[Start of section]

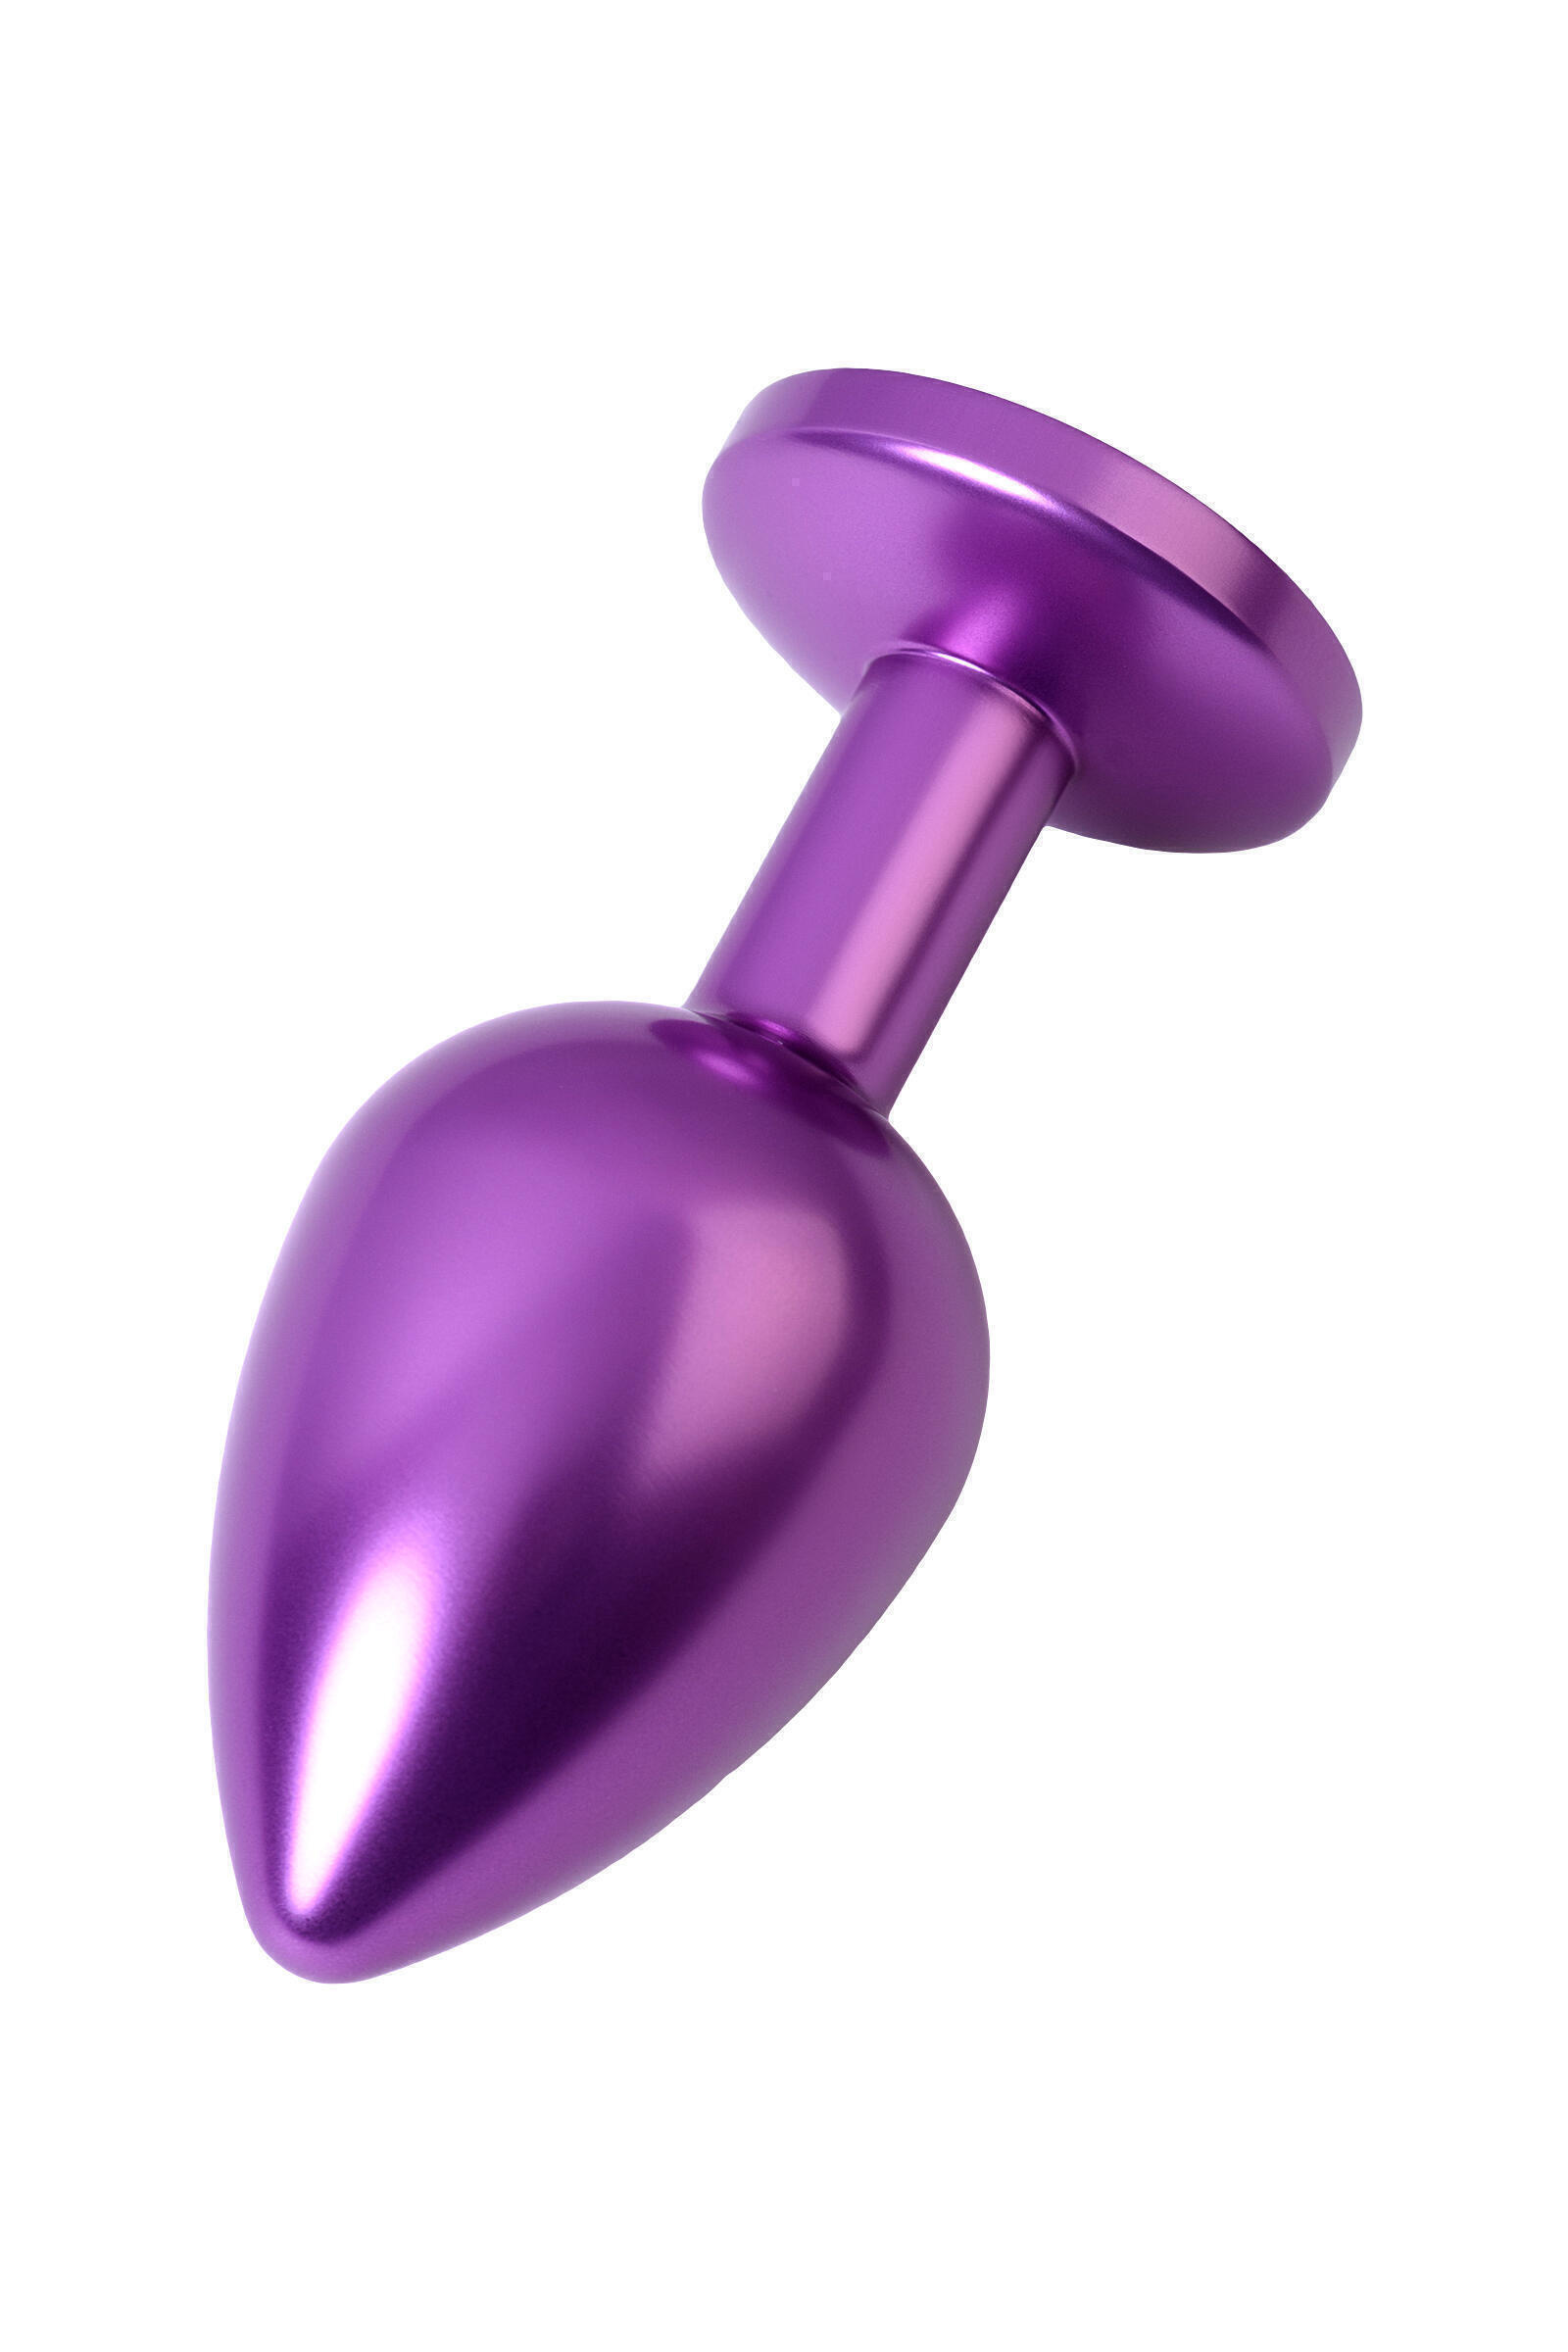 Анальная пробка Toyfa Metal с кристалом цвета аметист, 8,2 см, фиолетовый
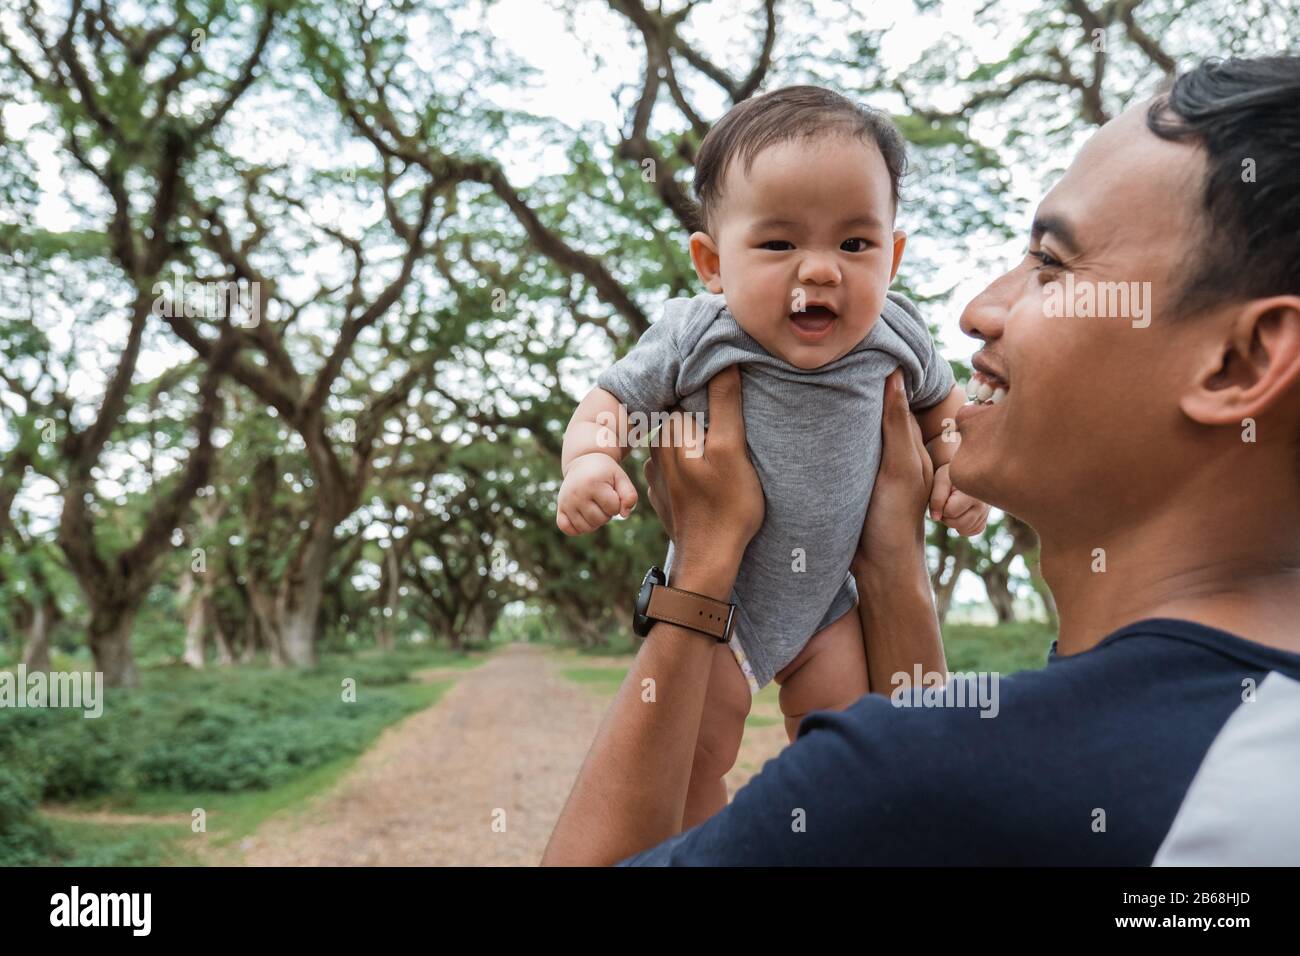 Vater lacht, während er ein Baby festhält, während er gemeinsam Urlaub macht Stockfoto
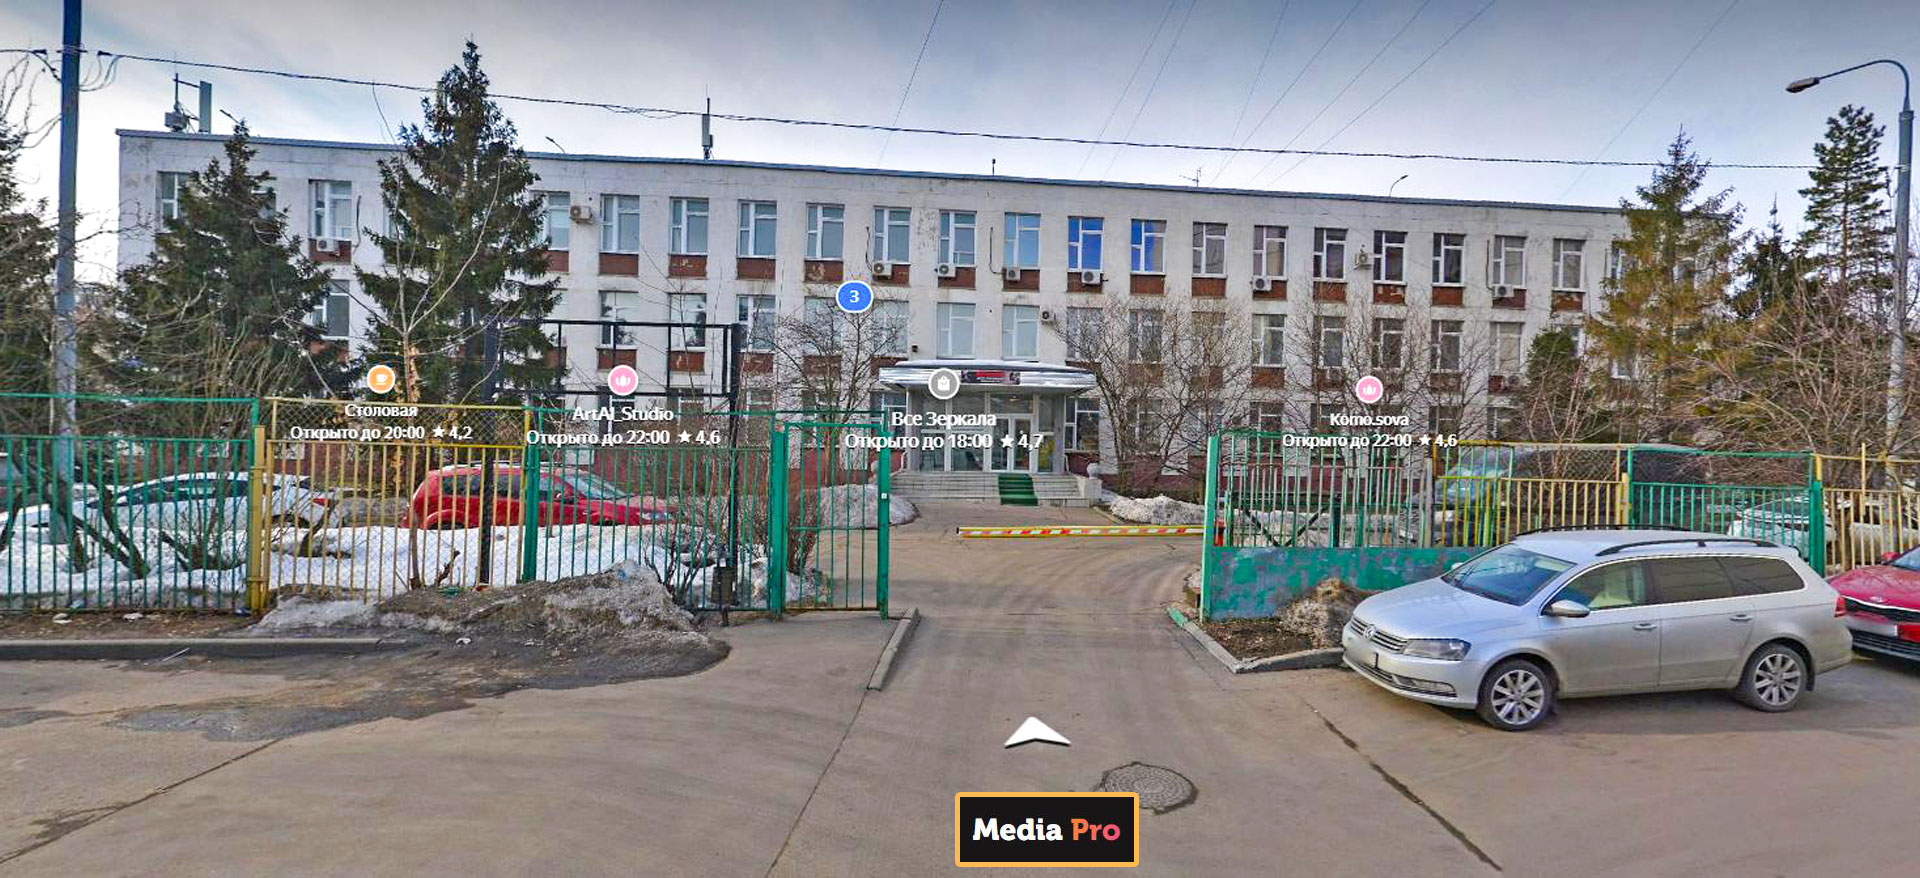 Здание в г. Москва на ул. ул. Мусоргского, расположен офис MediaPro.

[End of section]

**Problem requirements**
The answer must repeat every line of the listing exactly and leave the pictures out.

**The completed task**
 Анальная пробка Toyfa Metal с кристалом цвета аметист, 8,2 см, фиолетовый
 Vater lacht, während er ein Baby festhält, während er gemeinsam Urlaub macht Stockfoto
 Здание в г. Москва на ул. ул. Мусоргского, расположен офис MediaPro.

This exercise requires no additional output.